The Bank of Canada has released the Bank of Canada Review – Spring 2010 with feature articles:
- Crude Oil Futures: A Crystal Ball?
- Inflation Expectations and the Conduct of Monetary Policy: A Review of Recent Evidence and Experience
- Monetary Policy Rules in an Uncertain Environment
- An Uncertain Past: Data Revisions and Monetary Policy in Canada
The second article notes:
In the Canadian context, Christensen, Dion, and Reid (2004) find that the BEIR in Canada is not a reliable measure of inflation expectations because of the maturity and liquidity characteristics of Real Return Bonds. Simply, Canada’s Real Return Bonds have a 30-year maturity and are considerably less liquid than conventional 30-year bonds, which leads to frequent distortions in the measure of expected inflation. For the United States, Ang, Bekaert, and Wei (2007) find that survey data outperform market-based measures, times-series ARIMA models, and regressions using data on real economic activity. Consequently, the most recent evidence suggests that surveys may be a more reliable guide to inflation expectations for the United States and Canada.
The references are to
- Christensen, I., F. Dion, and C. Reid. 2004. “Real Return Bonds, Inflation Expectations, and the Break-Even Inflation Rate.” Bank of Canada Working Paper No. 2004–43.

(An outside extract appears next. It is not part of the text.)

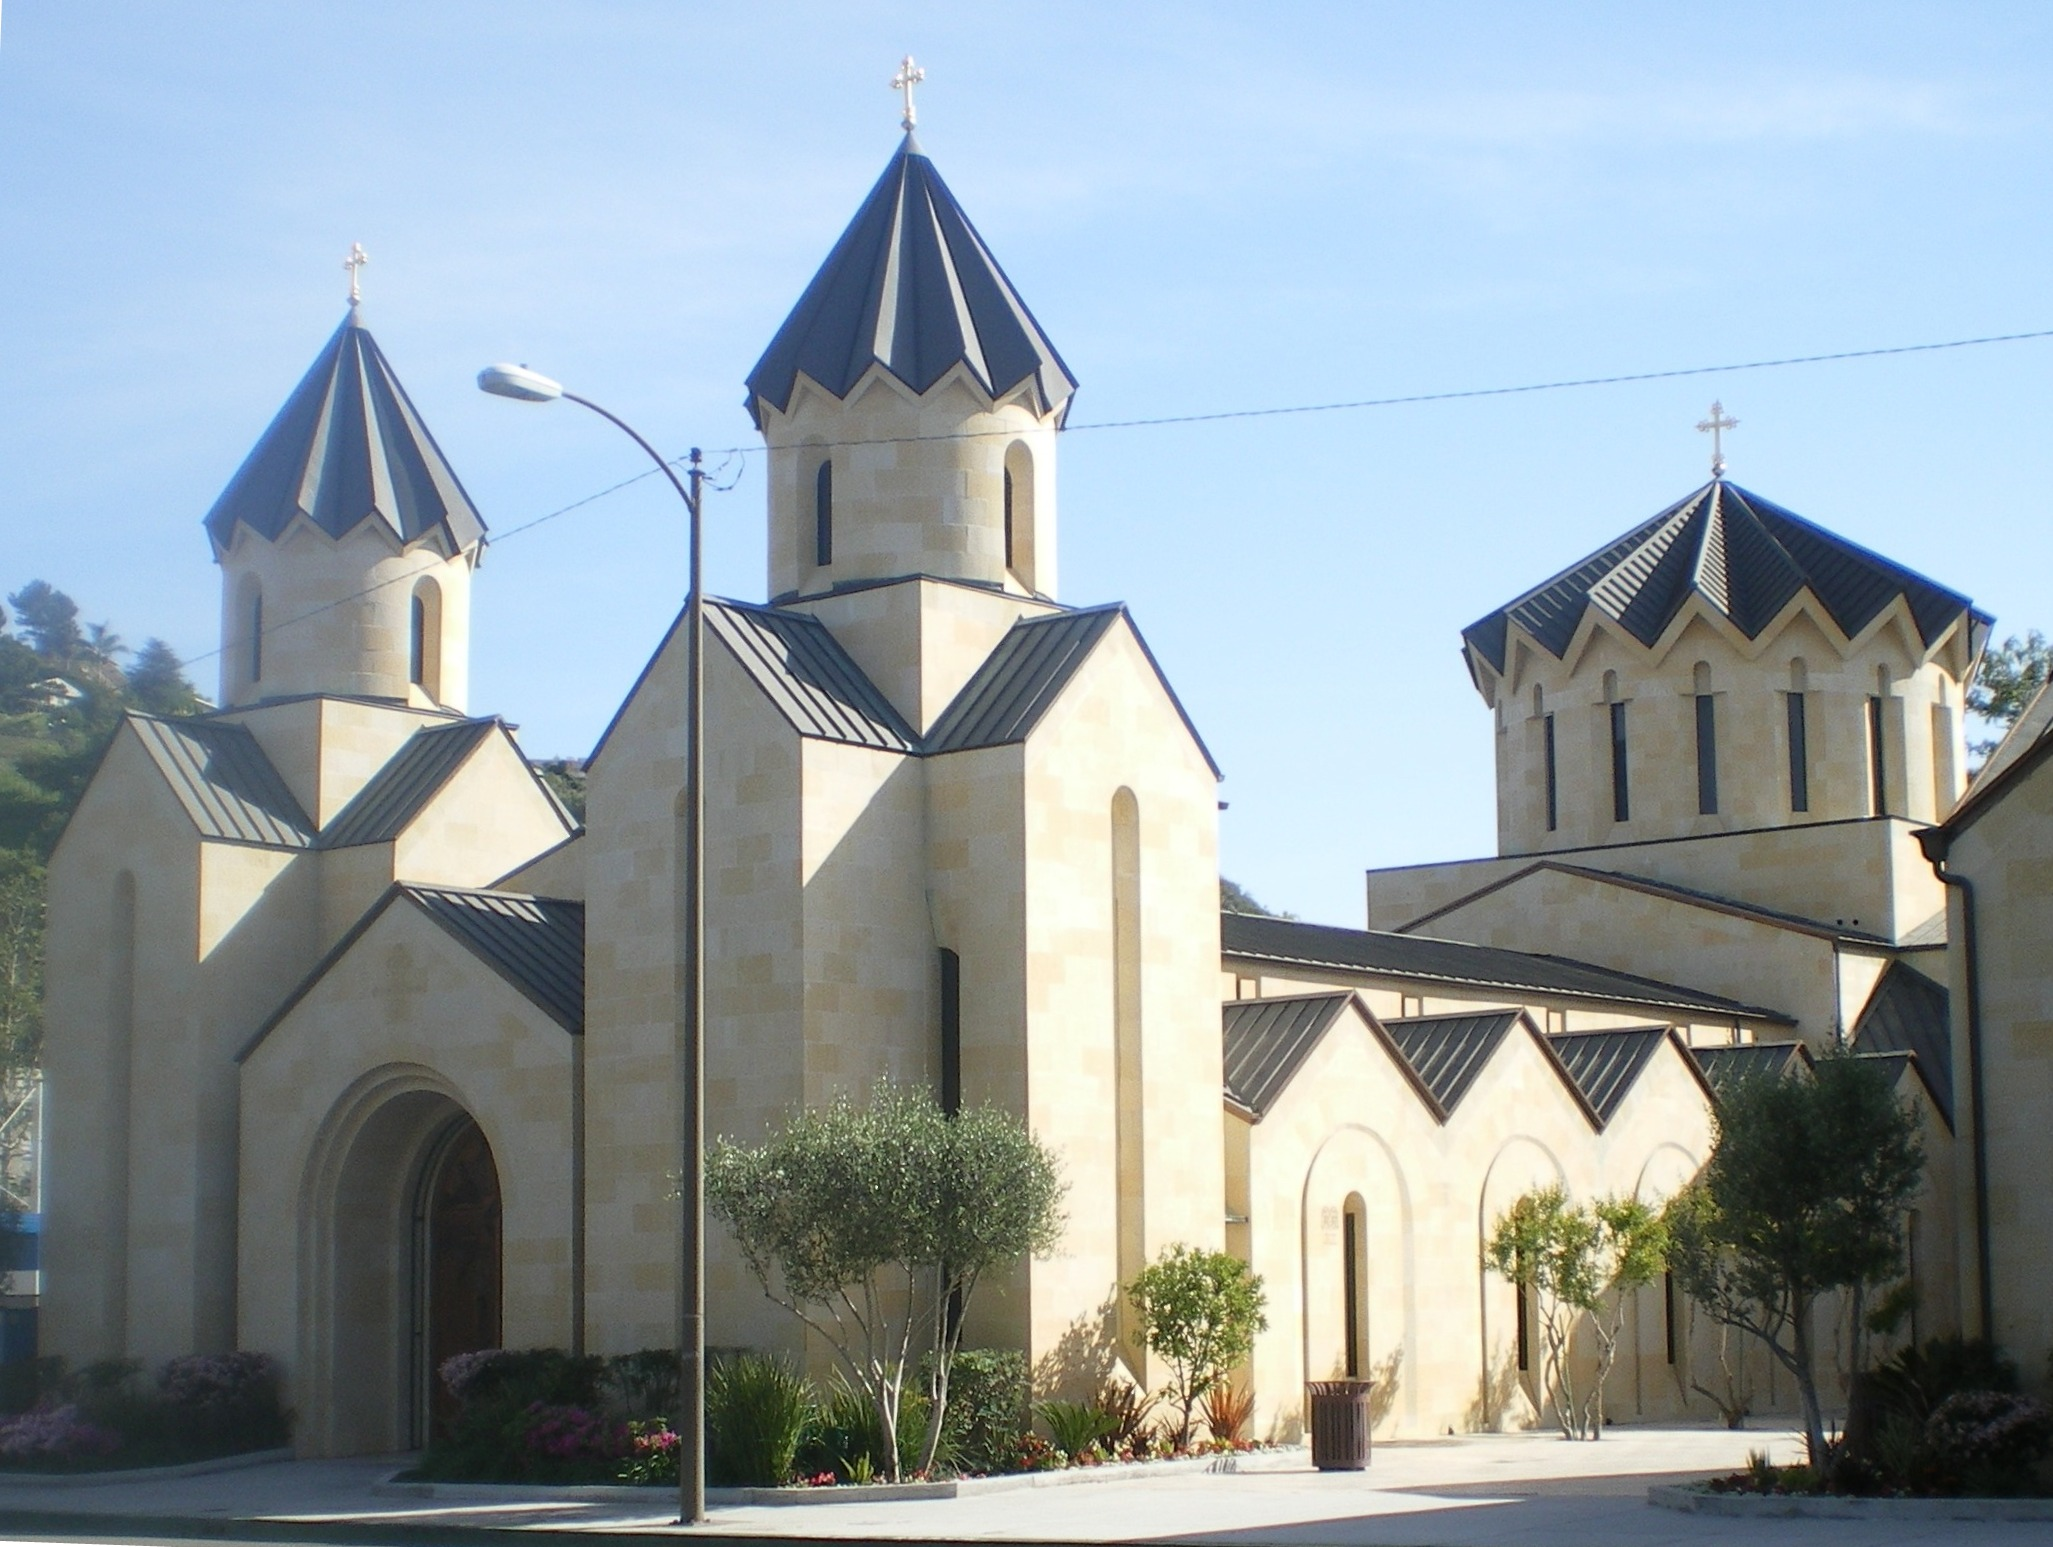 http://upload.wikimedia.org/wikipedia/commons/8/83/St._Gregory_Armenian_Catholic_Church,_Glendale,_California.JPG

- Ang, A., G. Bekaert, and M. Wei. 2007. “Do Macro Variables, Asset Markets, or Surveys Forecast Inflation Better?” Journal of Monetary Economics 54 (4): 1163–1212.
Christensen, Dion and Reid also published in the BoC Review of Autumn 2004; this paper has been summarized on PrefBlog.
The paper by Ang, Bekaert & Wei has not been reviewed here, but it has been referenced in Term Premia on Real-Return Bonds in the UK.